The idea of a "just war" is an abomination to many, including many Christians, who see their faith as not only abhorring but transcending the violence of this world. Yet, the idea has a long history. Cicero hammered away at it, so did Augustine and Thomas Aquinas, and many others besides. Popes of old were not averse to sanctioning, or even commissioning, armies in the field in the full knowledge that individuals within those armies they so blessed would kill and be killed. Pell's comments here on Mannix and his opposition to conscription in Australia during World War I indicate that conflict may not be considered a "just war" by the Catholic Church. The fight against fascism in World War II can be considered just with or without church endorsement, complicated by the slippery role played by the then Pontiff.
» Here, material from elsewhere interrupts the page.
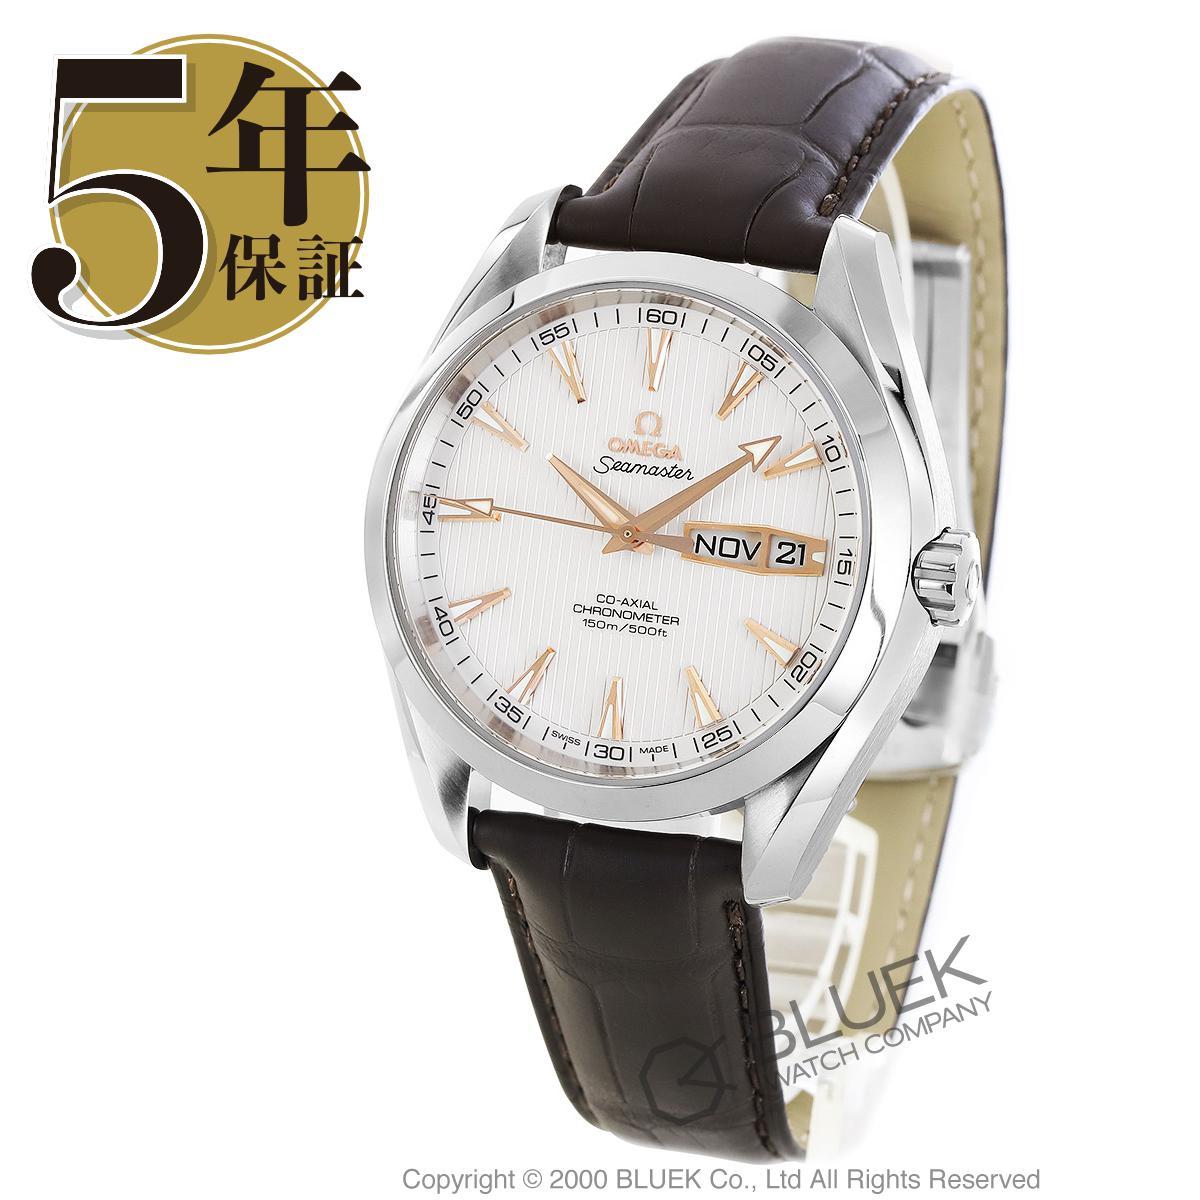 オメガ シーマスター アクアテラ アニュアルカレンダー アリゲーターレザー 腕時計 メンズ OMEGA 231.13.43.22.02.002_5

I don't regard zygotes that cannot ever become a nascent person as human life: when a fertilised egg is absorbed within the uterus within the same monthly cycle as conception, it is not the same as the death of one who has lived, felt dawn, saw sunset glow, loved and were loved, etc. Others do, and rail against these lives being pressed into service that none of us could be expected to perform.

While there is a moral element in creating life to be destroyed, the Catholic Church can't make it. An organisation that can't come to terms with "just wars" that now look silly, or which considers a conception in sexual assault to be one of love must admit to some shades of grey here.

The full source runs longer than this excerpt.